God comes to us and calls us to participate in his plan of salvation in quite embarrassing and unexpected ways.
Elizabeth and Mary were two magnificent women who were called to play their part in God’s plan of salvation. Elizabeth was not a young woman. After years and years of praying for a child, after becoming used to not having a child and after getting to the age where giving birth to a child was not a good idea, she becomes pregnant with a baby. In contrast, Mary was a very young woman. She too hoped for a child someday, when it would be appropriate, not now, not before she was married, not while she was still a virgin. So we meet two women who are pregnant. One of them is too old to be a mother and the other is too young. Scripture tells us that Elizabeth "became pregnant and for five months remained in seclusion" (Lk 1:24).
As for Mary, she had no one to talk to because she was pregnant outside of wedlock. I am sure they wept together, laughed together, prayed together and encouraged one another during the three months they were together (Lk 1:56).When God comes to us, God shakes our lives and radically alters it in ways beyond our imagine; and it will surely have its pain and agony. It is not without cost.
Elizabeth and Mary had many things in common: they were cousins, they were both in their first pregnancy, they both became pregnant through an act of God, God sent the angel Gabriel to announce both conceptions and births, and they both were given children who would play significant roles in God's plan of salvation. Both women submitted themselves to be vehicles of God’s plan of salvation. It is not a question of whether all things are possible to God; God does nothing without human cooperation. Remember that God wanted a woman’s womb and her willing submission to unravel God’s redemptive plan for us: “Behold, I am the handmaid of the Lord; let it be to me according to your word.” Are we willing to submit ourselves, insignificant as we may be, to play our part in God’s history of salvation?
God chooses what is weak in the world to shame the strong, God chooses what is low and despised in the world so that no human being would boast in the presence of God.
We should know that most of history is written by and is about men. At least, it is written as if it were mostly the males, kings, bishops, philosophers and scientists who made all the breakthroughs and developments in history. But when God intervenes with the single most influential breakthrough in history, isn’t it interesting that his only human agents were two pregnant women, who from human standards poor and of no status in the Jewish society? We find no role for the arrogant male in carrying forward God’s plan of salvation.

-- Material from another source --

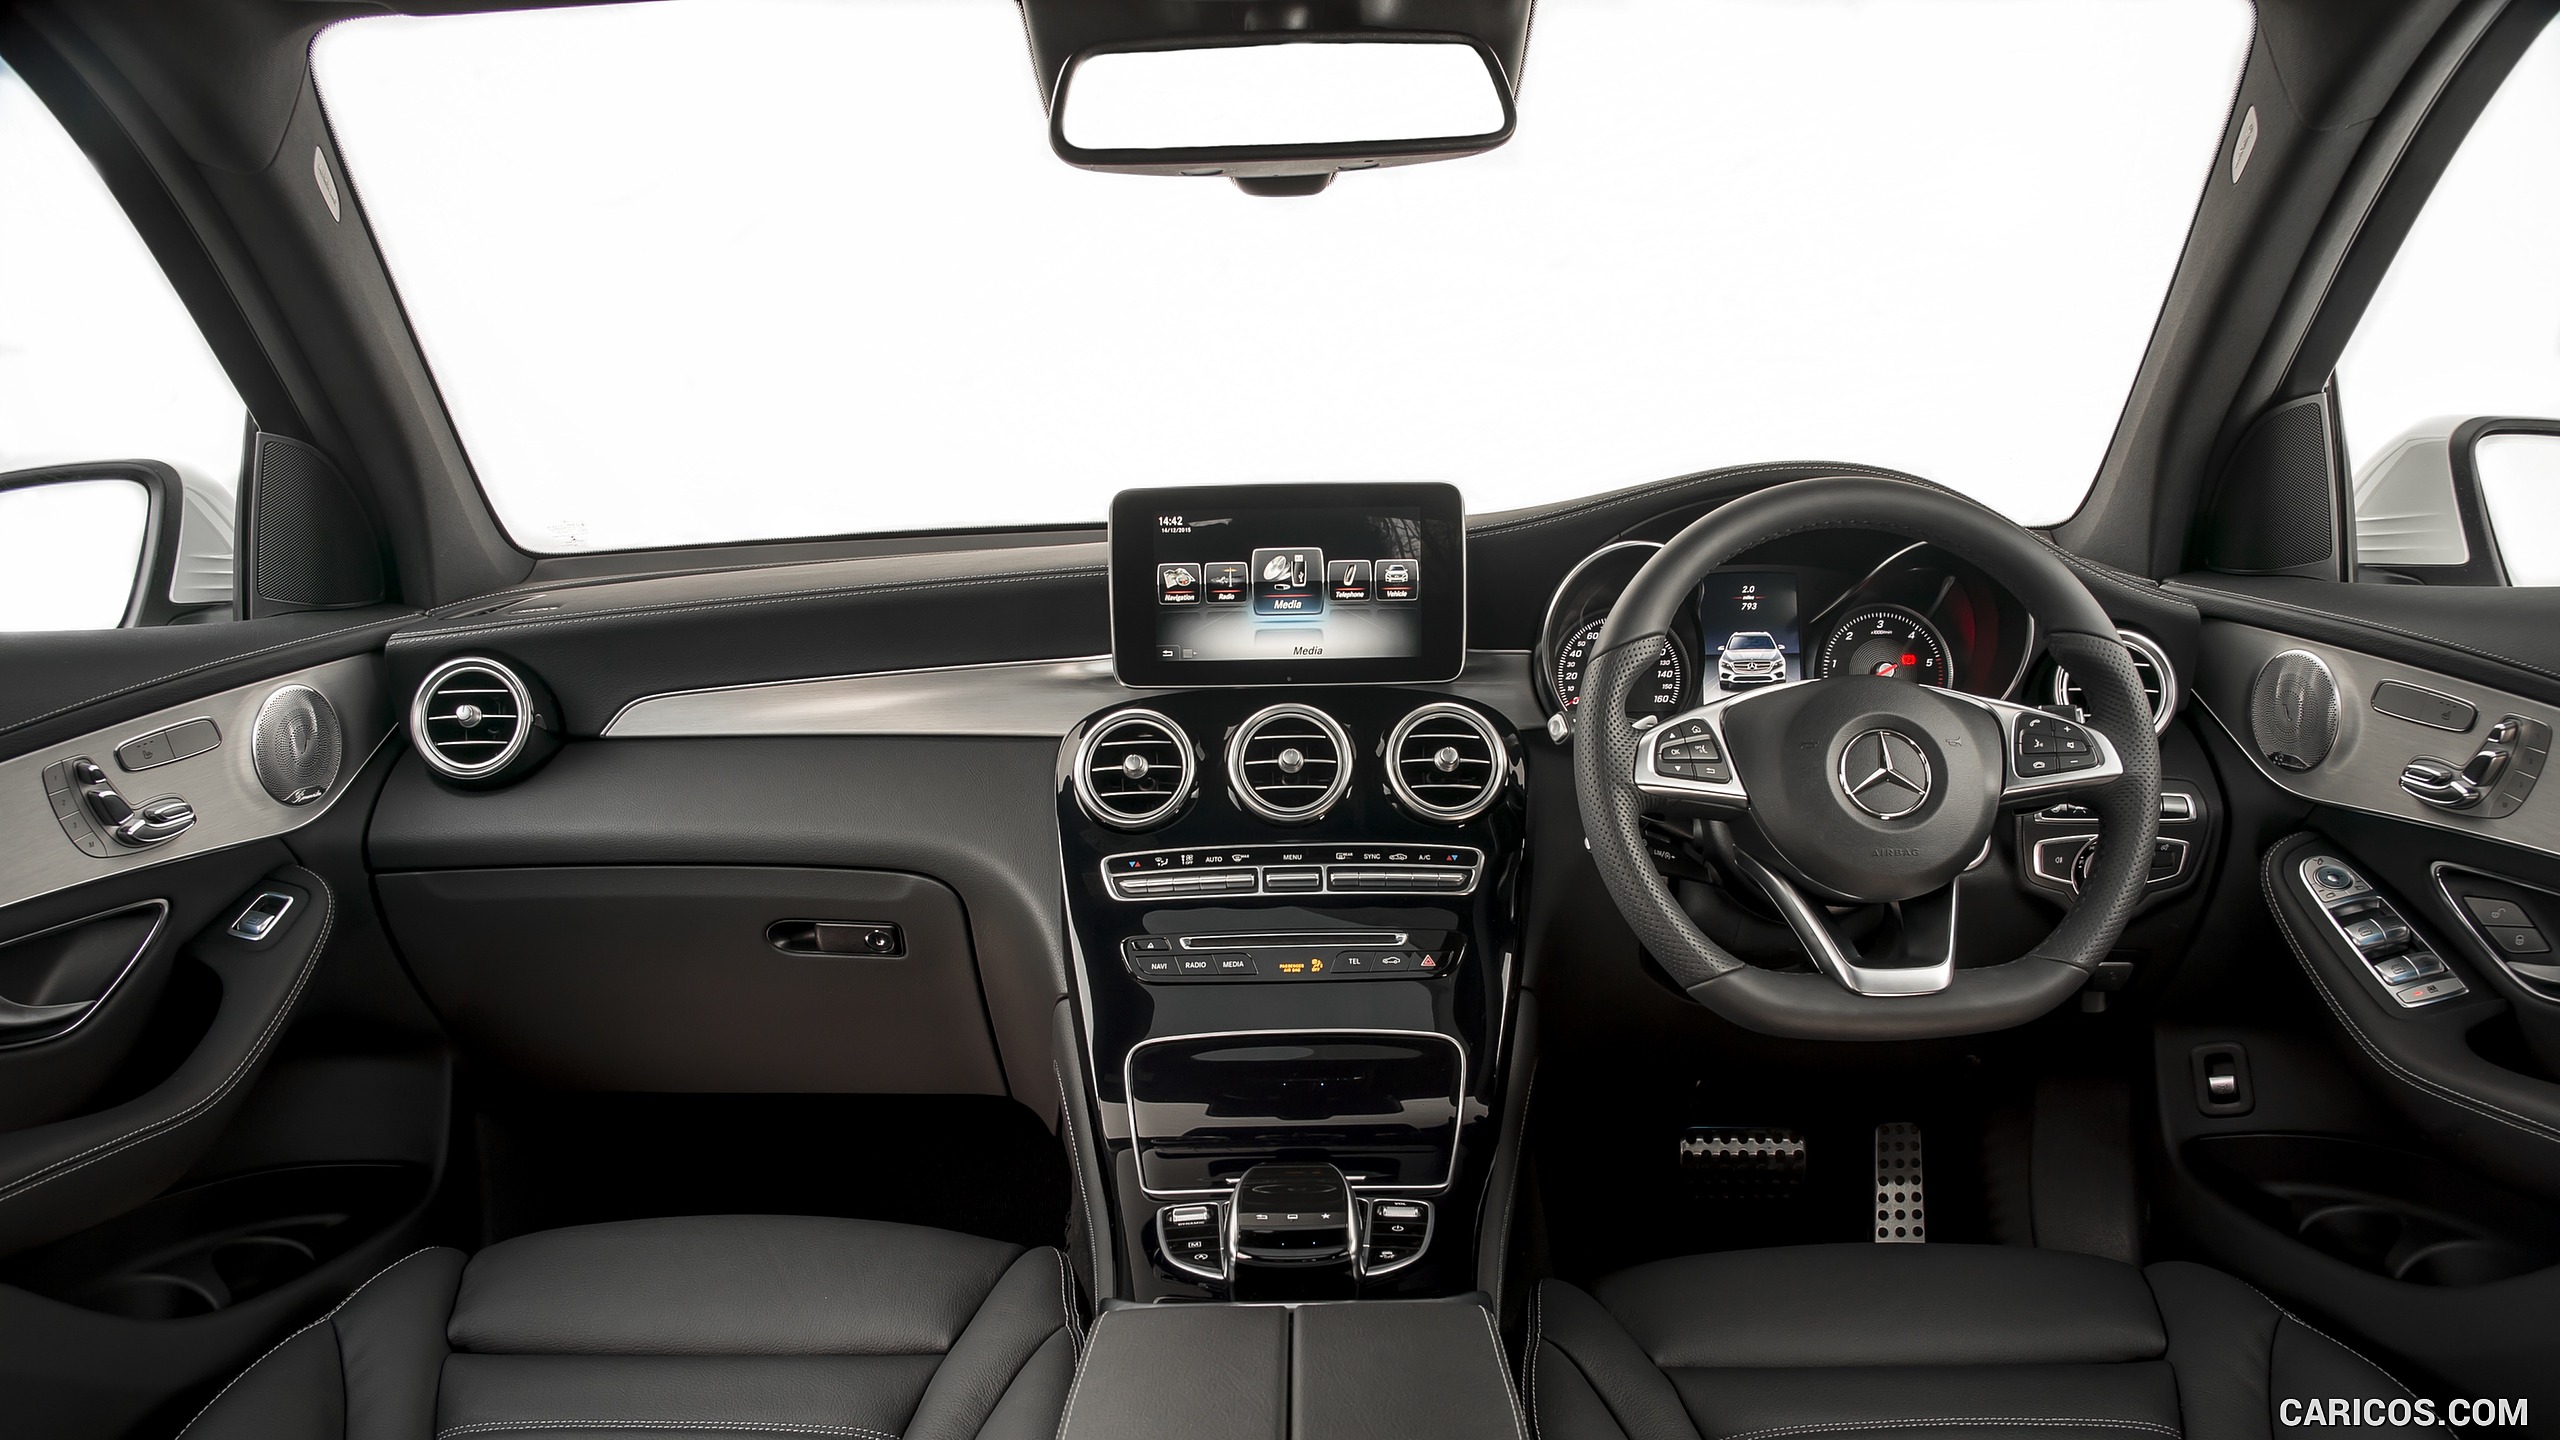 2016 Mercedes-Benz GLC 250d 4MATIC AMG Line (UK-Spec) - Interior, Cockpit, #97 of 130

Solidarity in God’s mission transcending narrow egotism and envy
The two women, pregnant at the same time, with babies destined to do great things, supported each other in fulfilling God’s plan of Salvation. There was no rivalry, no sense of competition, no contest about who had the best and greatest baby. In that culture and at that time and place, it normally would have been appropriate for Mary to pay homage to the elder Elizabeth. But Elizabeth, through the Spirit, recognized that she was in the presence of the mother of the Messiah. So she praised Mary and pronounced her blessed. Neither was there any competition between the two mothers nor any competition between their children. While Jesus referred to John, “Among them that are born of women there has not arisen a greater than John the Baptist” (Mt. 11:11), John’s attitude was that “He must increase, but I must decrease.” Both women and both their offspring had their unique and God given place and role in God’s plan of salvation. They fulfilled in solidarity and mutual respect.
Blessedness of giving birth to a revolutionary; being the agent of radical transformation
Now where can we see the paradox of blessedness of being the mother of the son of God? She was blessed but that very blessedness meant that a sword would pierce through her heart, some day she would see her son hanging on a cross. The piercing truth is that God does not choose a person for ease and comfort and selfish joy, but for greater tasks requiring enormous sacrifices. Can we sing like Mary and consider ourselves blessed for having children who have committed themselves to carry forward God’s redemptive plan, a plan that is fraught with revolutionary significance and dangerous consequences for oneself?
The redemptive plan articulated in the Mary’s song, the Magnificat, is about social reversals or transformation.Anyone who thinks the Good News of Jesus Christ is only about one's personal, individual salvation or forgiveness or justification or redemption will have a hard time reading this text.
“He hath shewed might in his arm:
he hath scattered the proud in the conceit of their heart.
He hath put down the mighty from their seat,
and hath exalted the humble.
He hath filled the hungry with good things;
and the rich he hath sent empty away.” (Luke 1: 51-53)
Those of us who are proud, smart, powerful, of high status, and well-fed will find this a difficult text to comprehend. William Barclay points out, “There is loveliness in the Magnificat but in that loveliness there is dynamite. Christianity begets a revolution in each man, and a revolution in the world.”Any celebration of Christmas without taking into account this earth shaking transformation that God brings into this world in Jesus Christ can only be a sentimental exercise in piety, devoid of any transforming power either as individuals or collectives.
Greetings for a blessed advent season, Christmas and a New Year!